U.S. Labor Secretary Hilda Solis

FY2012 Budget Request: $583 Million for OSHA, $384 Million for MSHA

Ahead of hearings this week by the U.S. House Education & the Workforce Committee, Labor Department leaders explained the details of the administration's request.

U.S. Labor Department leaders on Monday explained the details of the administration's FY2012 budget request in a live webchat, discussing the $583 million requested for OSHA and the $384 million for MSHA. While bitter funding battles have yet to be fought in Congress, the proposal stakes DOL's position on regulatory and enforcement action.

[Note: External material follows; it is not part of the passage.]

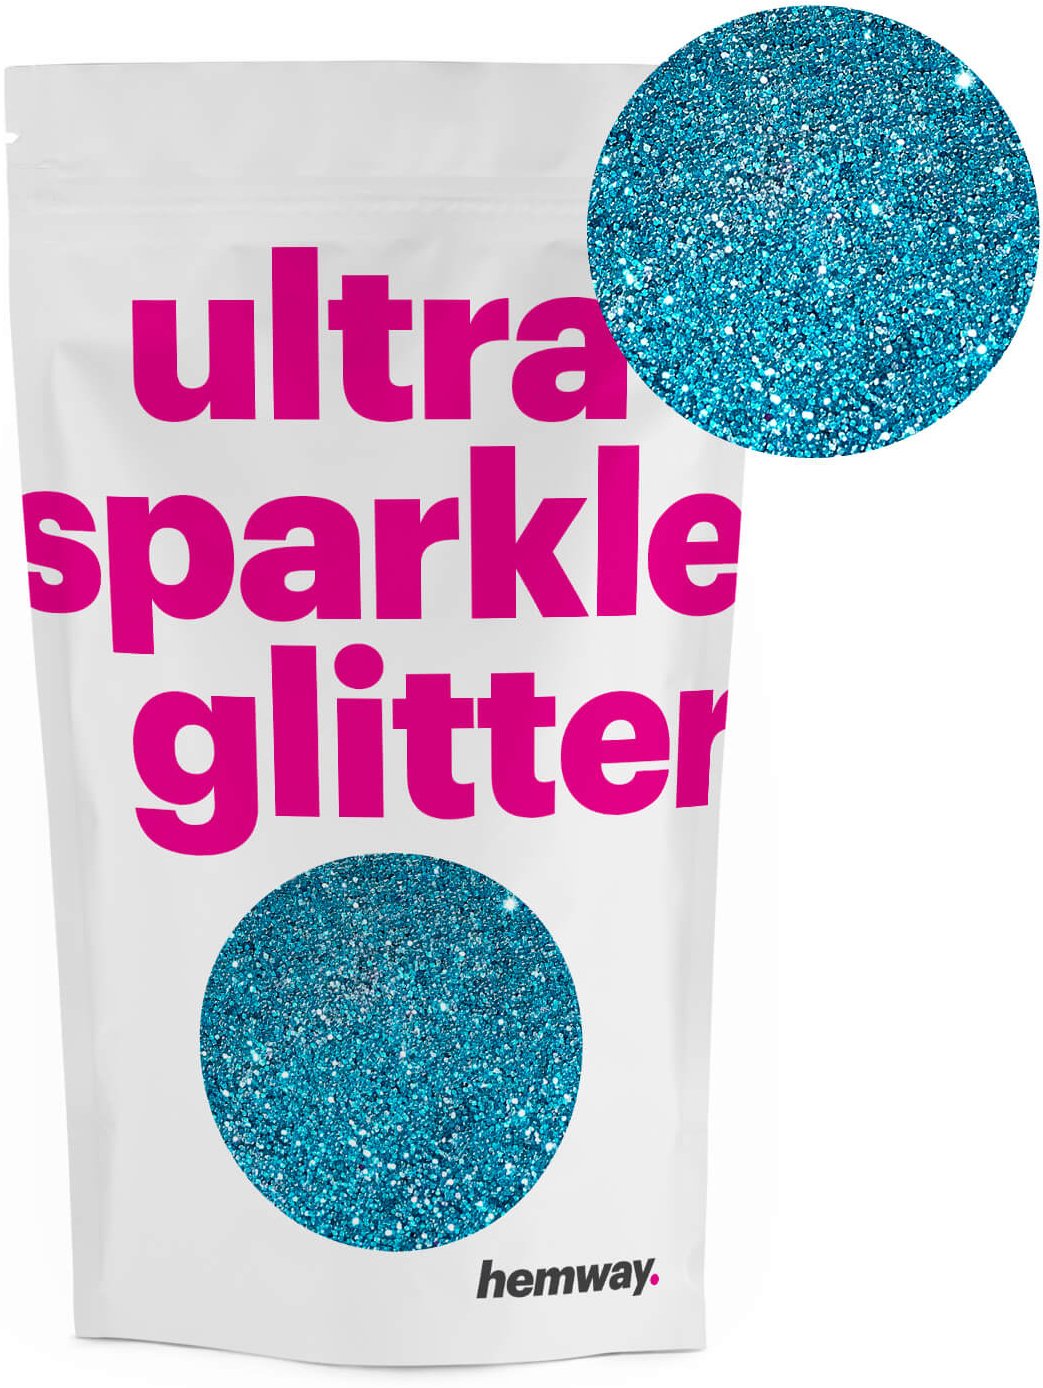 Ultra sparkle glitter

Both OSHA chief Dr. David Michaels and MSHA chief Joe Main would see small increases in authorized personnel at their agencies if the full requests were granted. Main said more than 30 additional full-time equivalent positions at MSHA are funded in the request, and these would include enforcement personnel, health specialists, and regulatory staff, he said. Michaels said the request includes funding to hire 25 additional OSHA compliance officers.

"Our number one regulatory priority remains injury and illness prevention programs. We are also continuing to gather information and interact with stakeholders around a combustible dust standard," Michaels said in one answer he posted. Asked why $4 million was restored to OSHA compliance assistance in the request, Michaels answered, "We are no longer proposing alternative funding for the Voluntary Protection Program (VPP). OSHA will continue to fund VPP out of the federal compliance assistance budget activity."

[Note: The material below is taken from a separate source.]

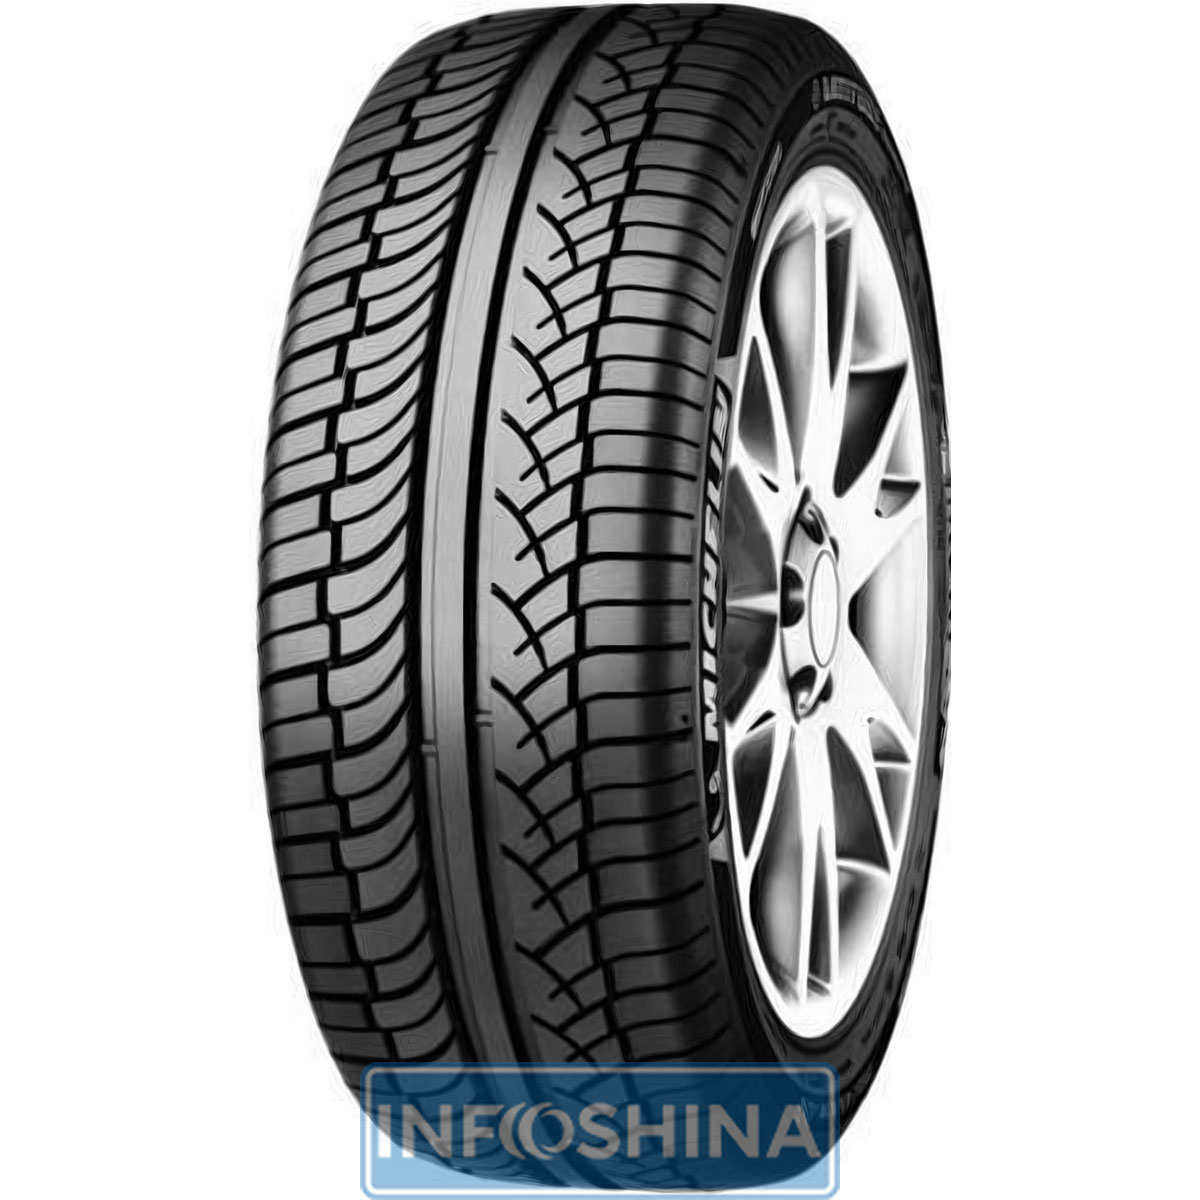 Купить шины Michelin Latitude Diamaris 285/45 R19 107V

He also explained why OSHA plans to expand its Site-Specific Targeting program. Currently focused on establishments with 40 or more employees, it will target sites with 20 or more employees. "By targeting employers with high injury rates who have 20 or more employees, we will be impacting a far larger group of workplaces, while actually conducting a slightly higher number of inspections. In 2012, we project about 2,000 SST inspections compared to 1,780 conducted in FY 2010," Michaels responded.

The U.S. House Education & the Workforce Committee will examine OSHA and DOL regulatory policy and enforcement strategy, perhaps, in two hearings taking place this week. U.S. Labor Secretary Hilda Solis is scheduled to testify at a Feb. 16 hearing titled "Policies and Priorities at the U.S. Department of Labor" before the full committee, where Republicans have a 23-17 majority. The Subcommittee on Workforce Protections has scheduled a hearing starting at 10 a.m. EST Feb. 15 that is titled "Investigating OSHA's Regulatory Agenda and Its Impact on Job Creation."

This subcommittee is chaired by Rep. Tim Walberg, R-Mich., an includes Rep. John Kline, the full committee’s new chairman, as a member. The subcommittee’s former chair, Lynn Woolsey, D-Calif., is now ranking member. Former committee chair George Miller, D-Calif., is a subcommittee member.